Would somebody please take Grandpa back to his bedroom? He's trying to eat the plastic fruit and plastic plants. Who left the door unlocked anyway?
Scored testicles must be all the rage back then because I see there are two pictures with them. Putting them on top of a coffee cake ring seems a little tasteless though.
The liquid in the glass HAS to be what happens to aspic or molds that do not set. I cannot think of any other reason to have that much chunkage in a glass. Better luck next time! But kind of demeaning to tell the guests it's chunky punch. F squared to the second power!
There's a fine line between imaginative and disturbing and this hostess crossed it with the flat people holding silverware. It's not cute and not creative but the inner workings of a mad woman.Who in their sane mind is actually going to pry the fork from those little arms?
While the ladies in the back sip coffee and talk about the lady in the red dress, her BFF discreetly passes her a "mother's little helper". She's not reaching for lemons.
It's the return of the teenager's worst nightmare of a party and the Pickle Sickles.
Double double toil and trouble, fire burn, and cauldron bubble. Think long and hard before you dip your meat into this potion. You might turn into a gopher or something.
As if being seated at the kiddie table with overripe bananas and fake grapes wasn't humiliating enough. As if entrusting the only girl to serve canned tomato soup to a bunch of towheaded and unimpressed boys wasn't enough, someone's mother thought it would be real cute to put her daughter and son in little sailor outfits. Look at that poor boy! The mother deserves a whack in the head for this because he is being ridiculed in a blog 43 years later by someone who went into a used bookstore in Texas and found what probably got his ass kicked while he was growing up. Little boy in the sailor suit, I humbly apologize. But it had to be done! I hope your mom agent didn't spend your royalty money on perms and a boob job.
Really innovative to have a mountain of red onions and candles to make that creepy glowing effect. What exactly is the theme here? The red onions do not match the tablecloth or napkins and I'm surprised Better Homes and Gardens allowed this faux pas.

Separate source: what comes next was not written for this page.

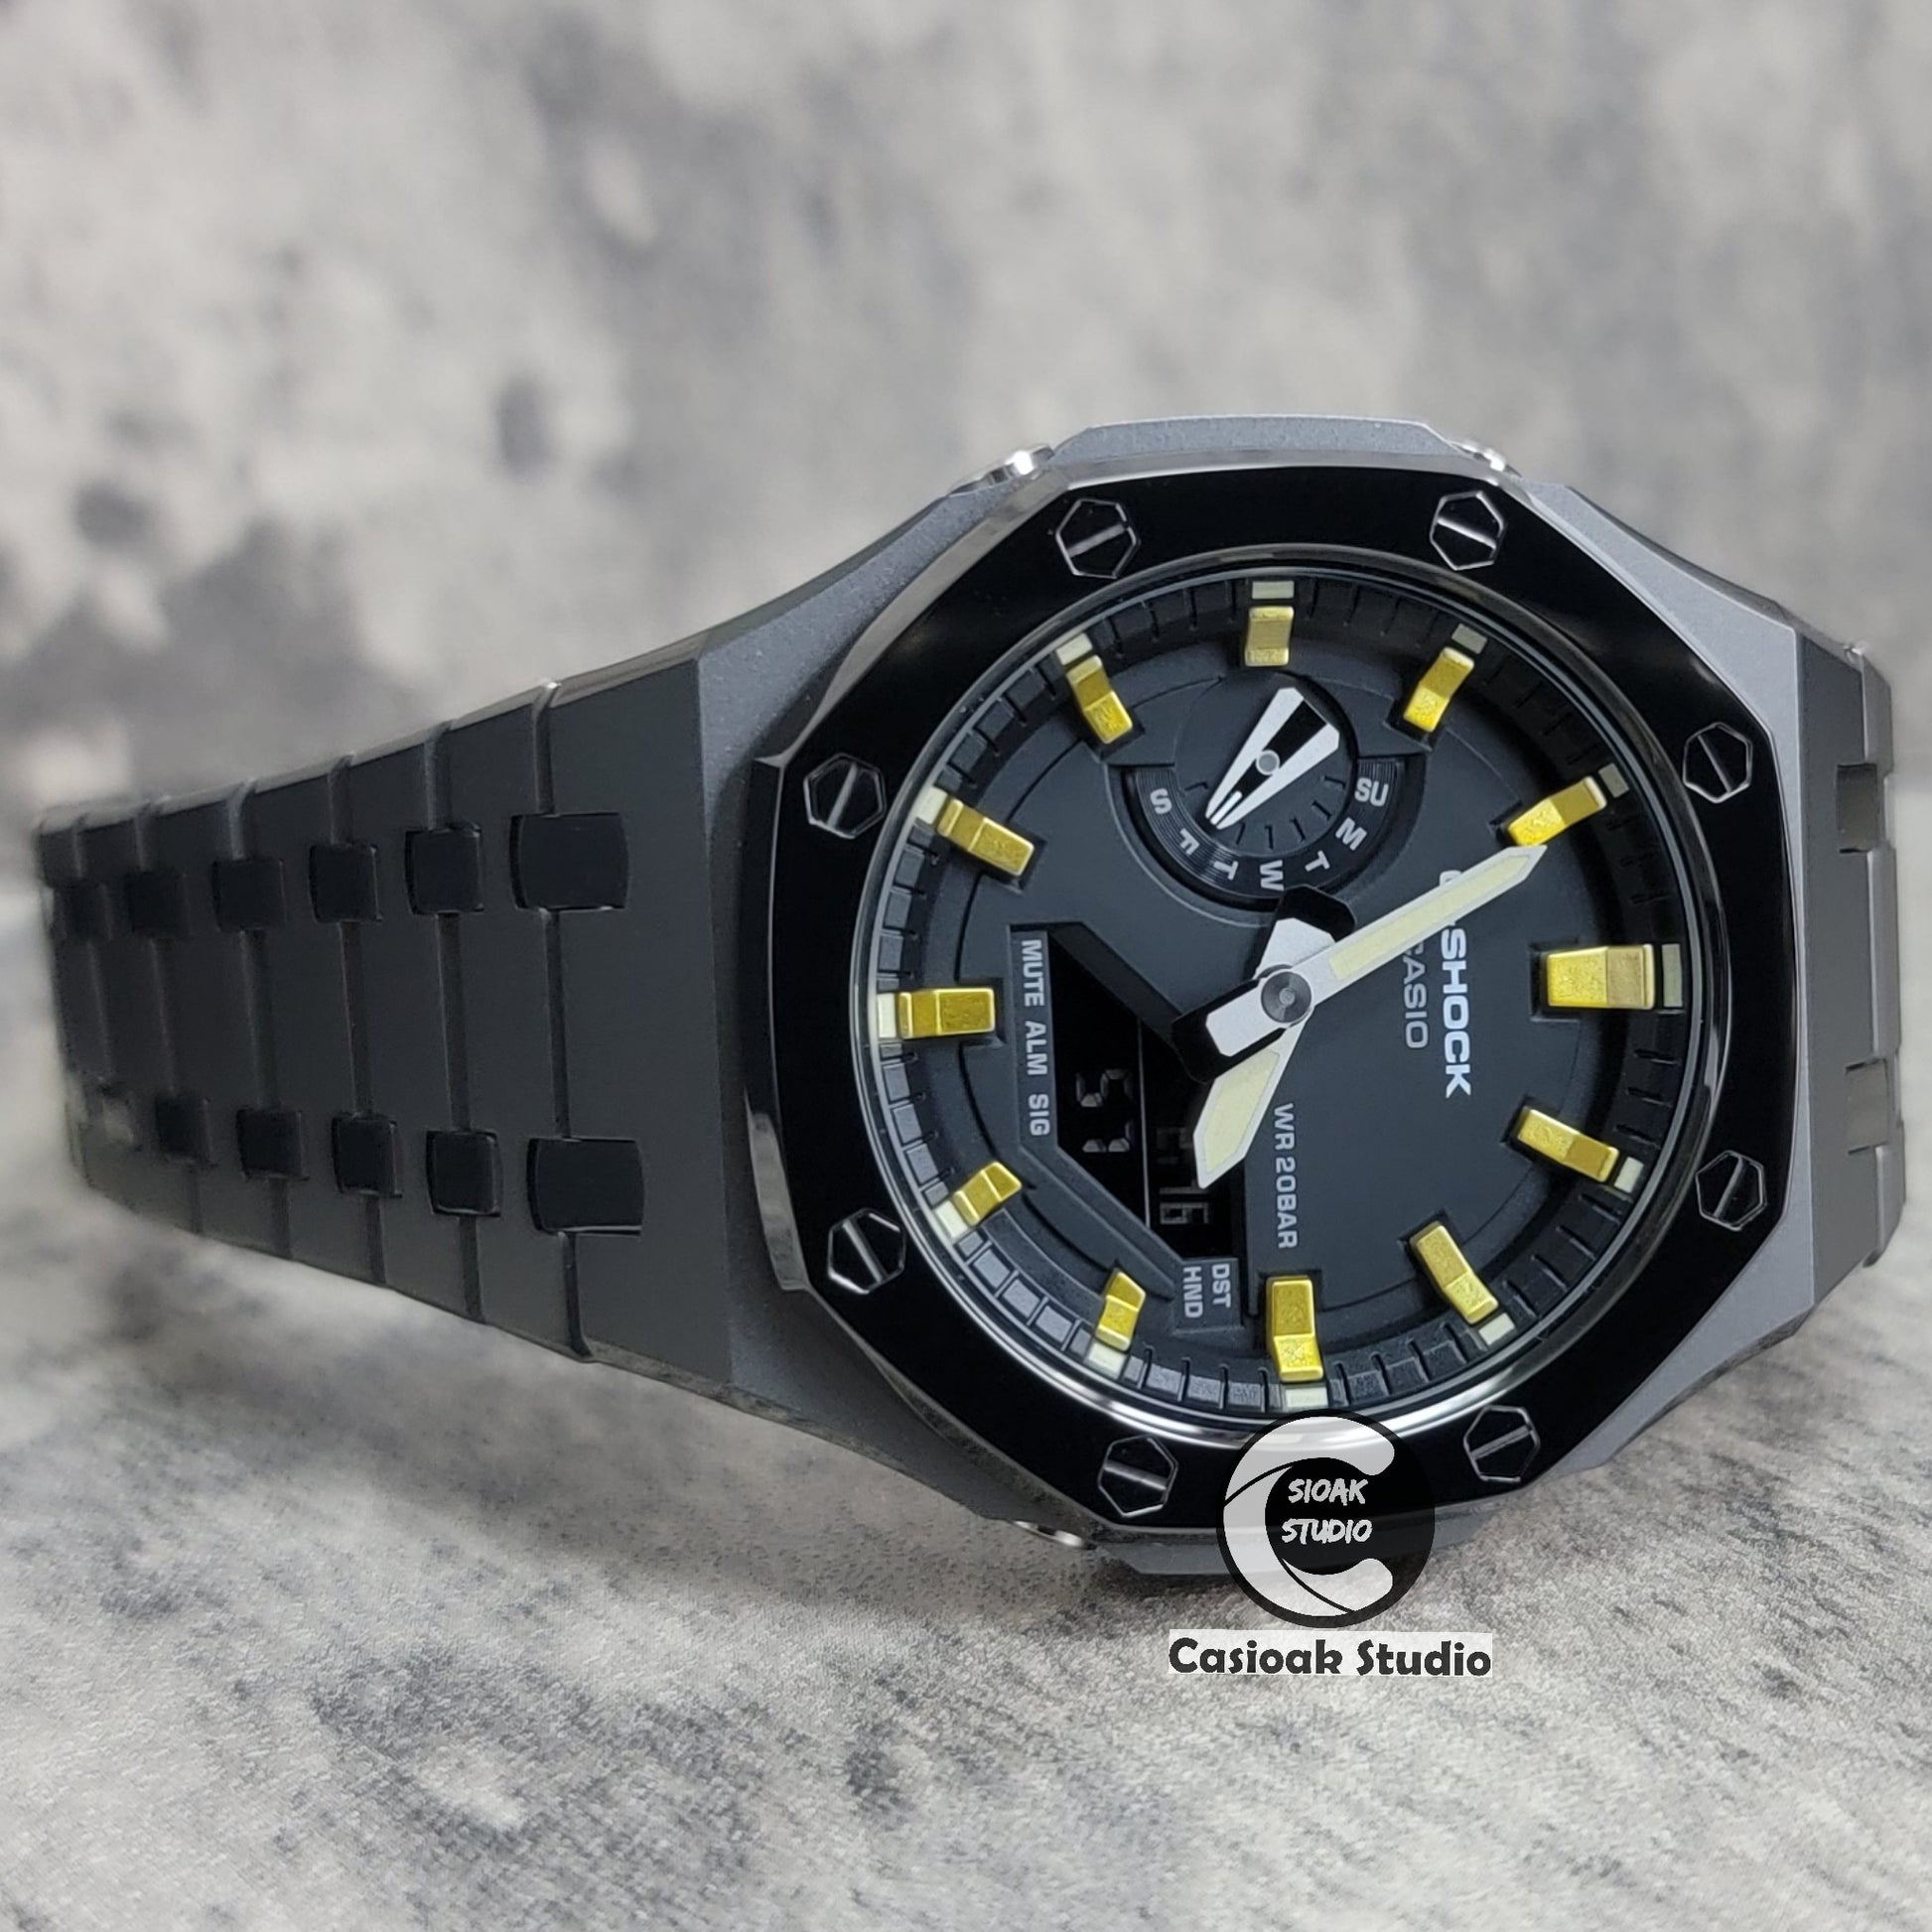 Casioak Mod Watch Polished Grey Case Metal Strap Gold Time Mark Black Dial 44mm - Casioak Studio

Shame, shame, shame. Really, I wouldn't be surprised to see rusted chains with bloody cuffs hanging overhead.
This was shown in a previous blog entry. The caption says this is a "handsome" cake. No, this is a display of a man who let his wife run things for 25 years and always got her way. There's nothing "handsome" about pink, pink, pink, and more pink. Run away while you still have a chance!
The mean little doll is going to watch every bite being chewed and listen for the food being digested.
Well I am all partied out for now. After this, I will never wonder what happened when we were whisked to bed early and threatened if we dared to get up to go to the bathroom. I would rather remember the simple things. This grown up party stuff is too complicated.